=== DIRECTIONS FOR THIS TASK ===
This exercise calls for the whole listing to be given again exactly, without images.

--- DATA SEGMENT Enclosed Below ---

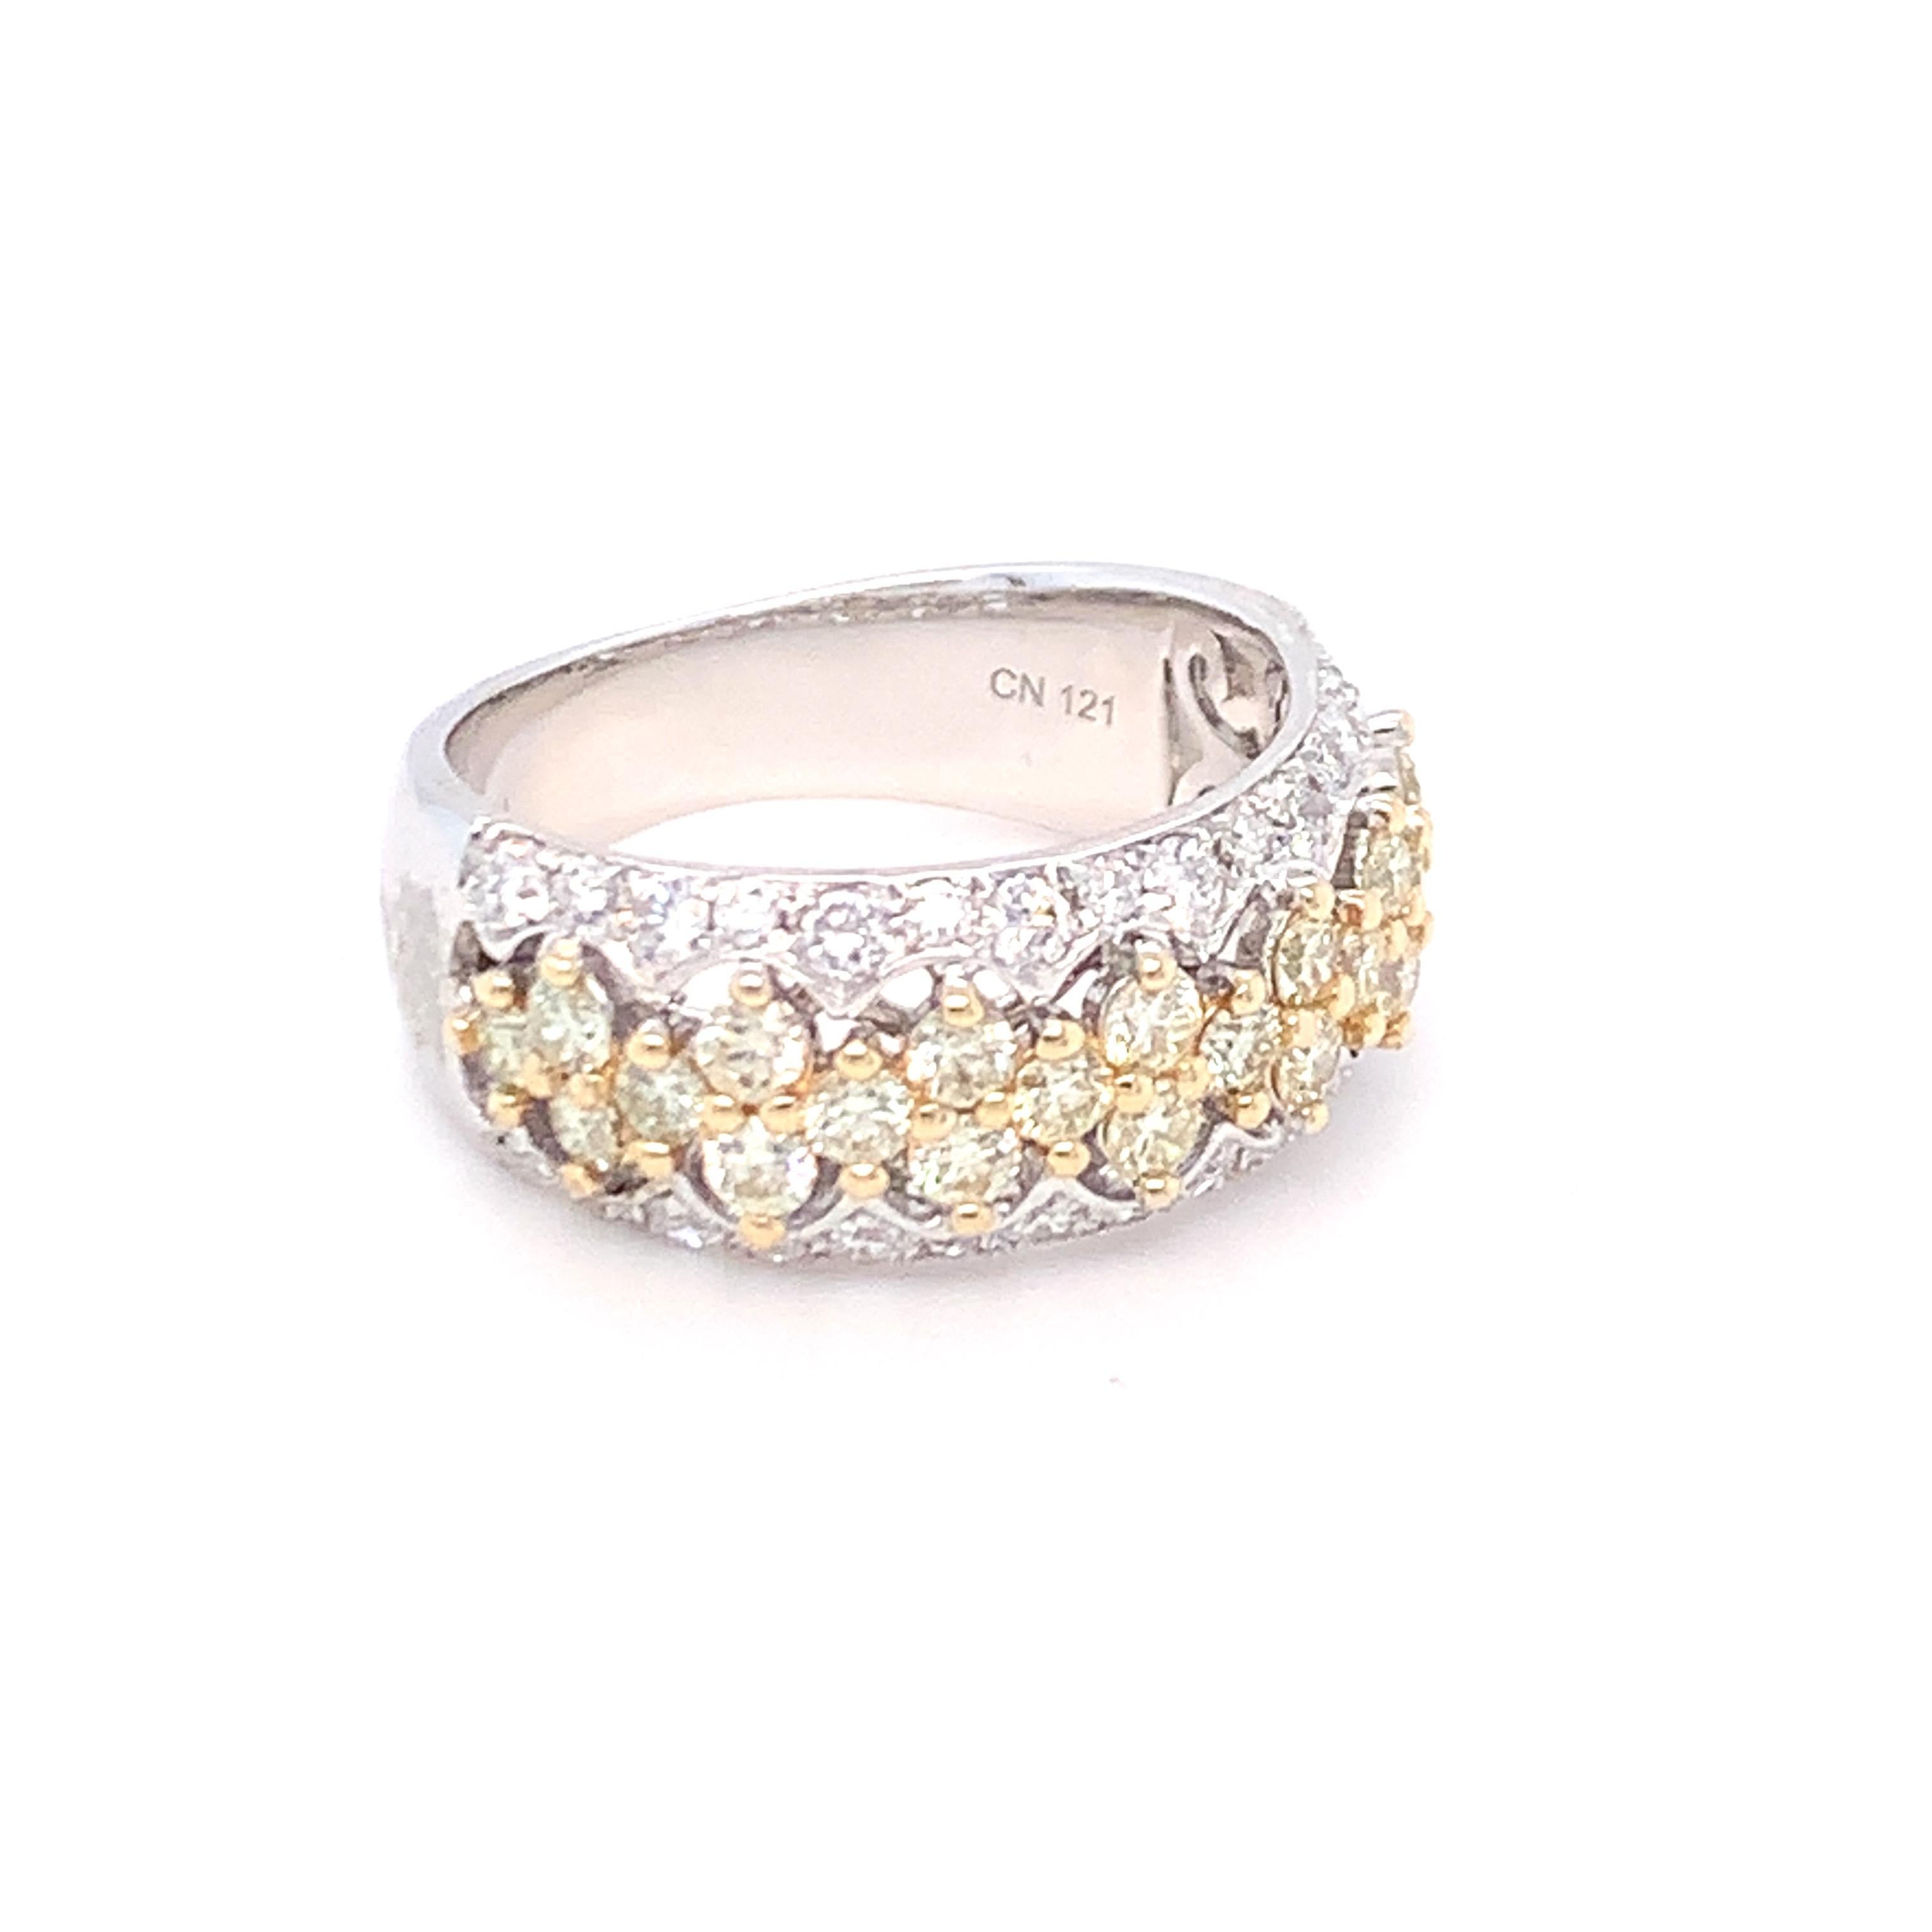 Women's 1.45 Carat Yellow & White Diamond Band Ring in 14K White Gold For Sale
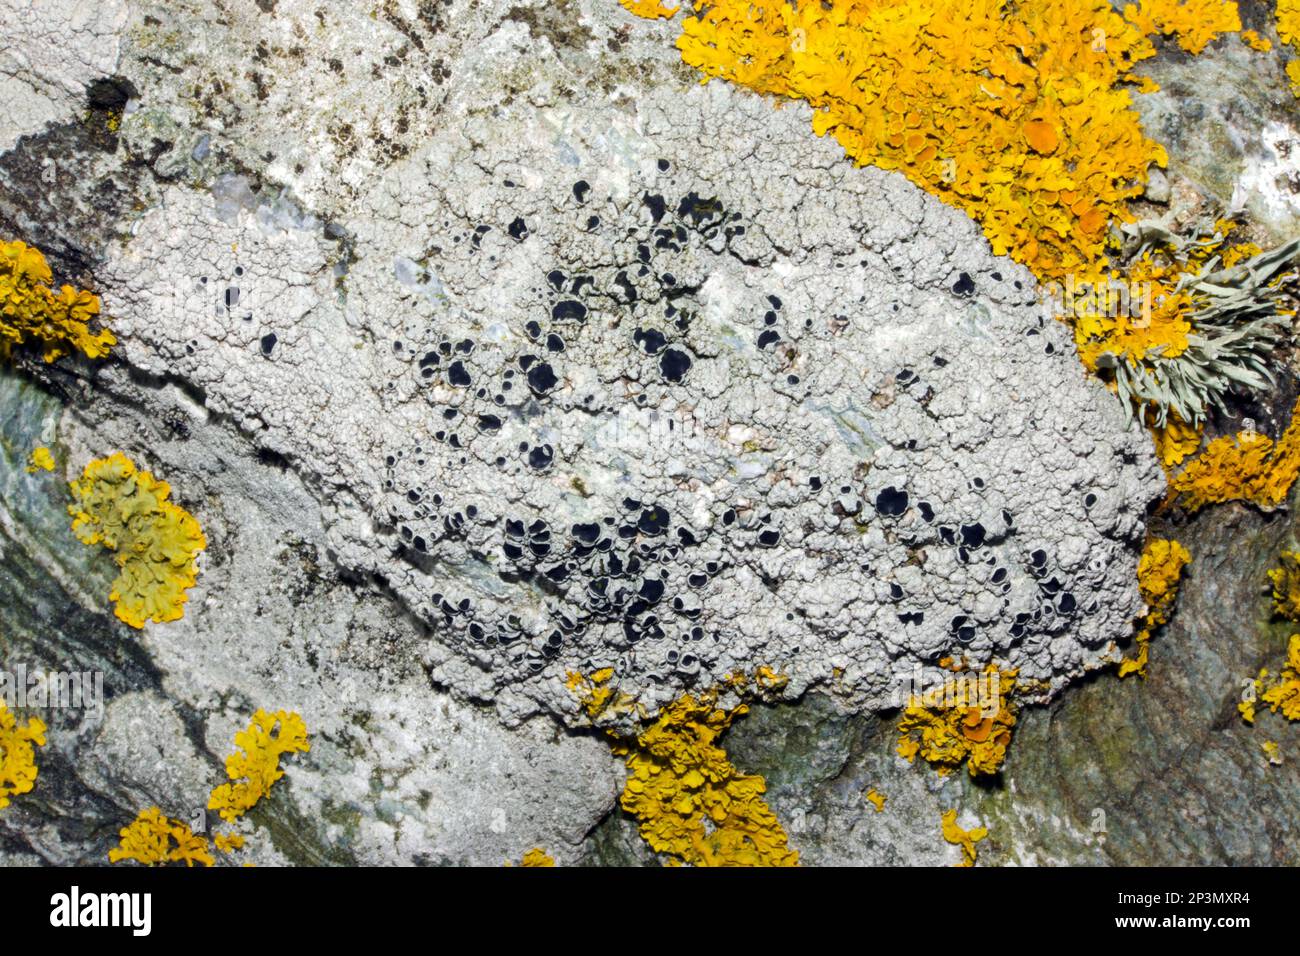 The common lichen Tephromela atra is found on exposed rocks (both siliceous and slightly basic) and is often dominant on coastal rocks. Stock Photo
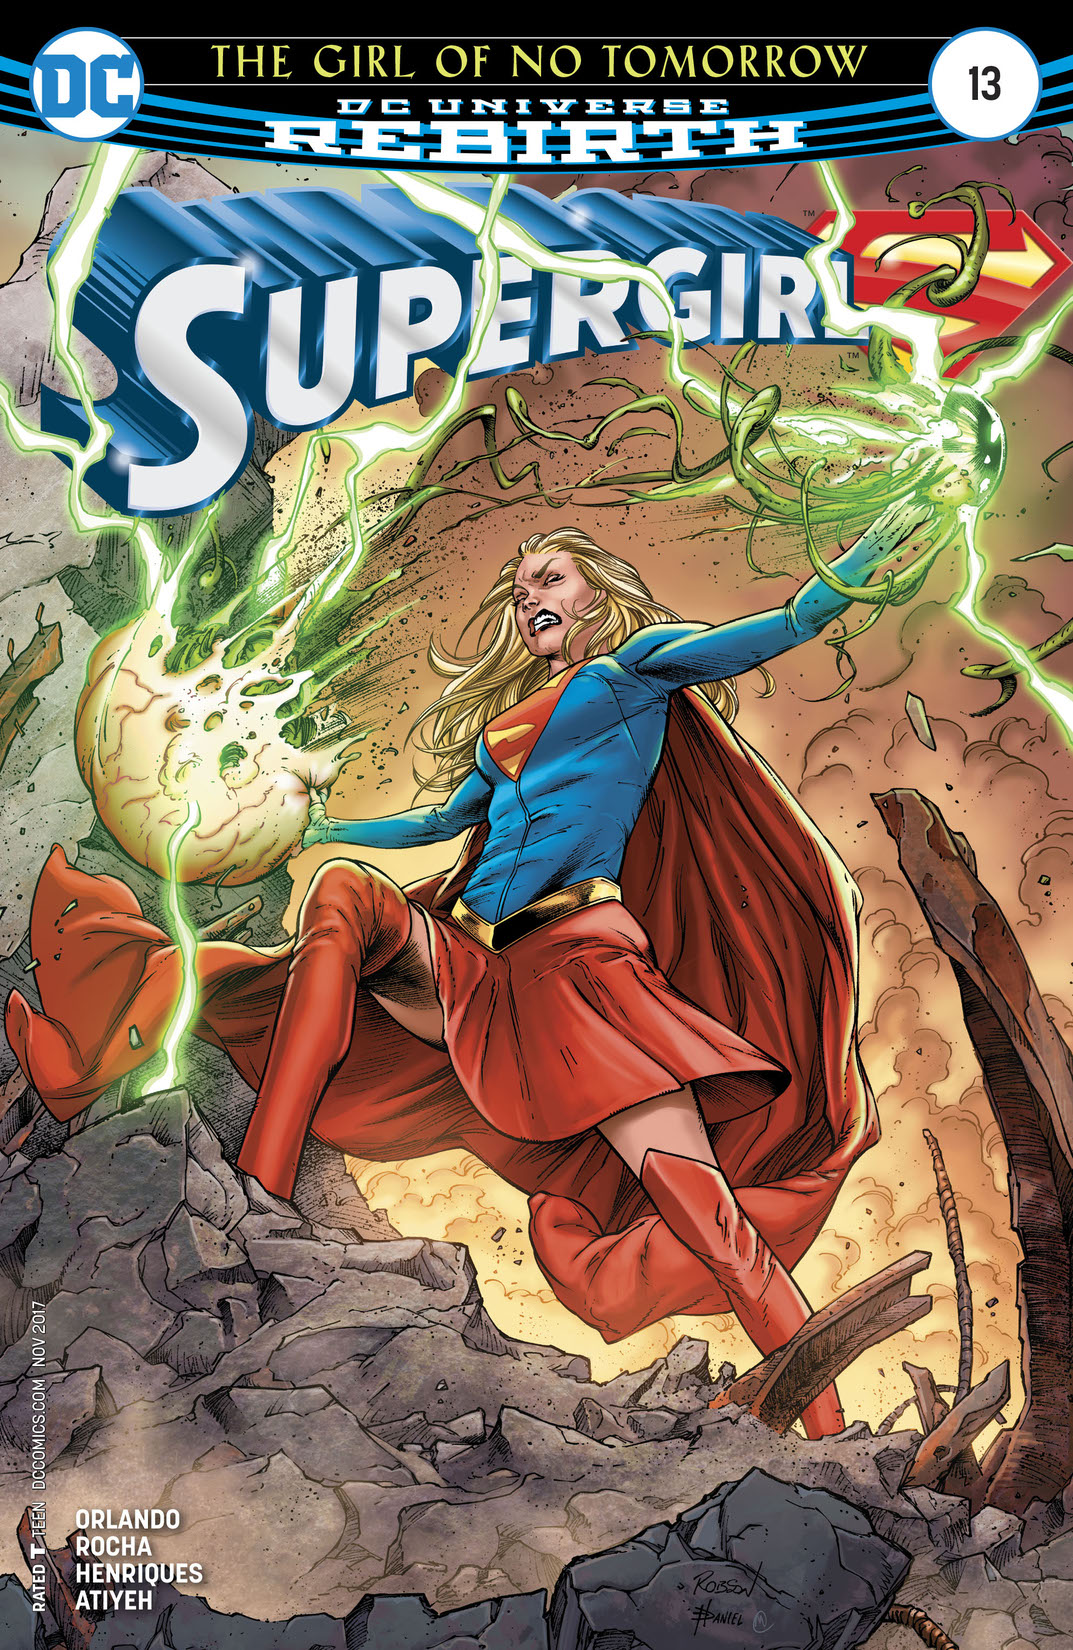 Supergirl (2016-) #13 preview images

--- End of Enclosed DATA SEGMENT ---

=== WRITTEN SOLUTION ===
 Women's 1.45 Carat Yellow & White Diamond Band Ring in 14K White Gold For Sale
 The common lichen Tephromela atra is found on exposed rocks (both siliceous and slightly basic) and is often dominant on coastal rocks. Stock Photo
 Supergirl (2016-) #13 preview images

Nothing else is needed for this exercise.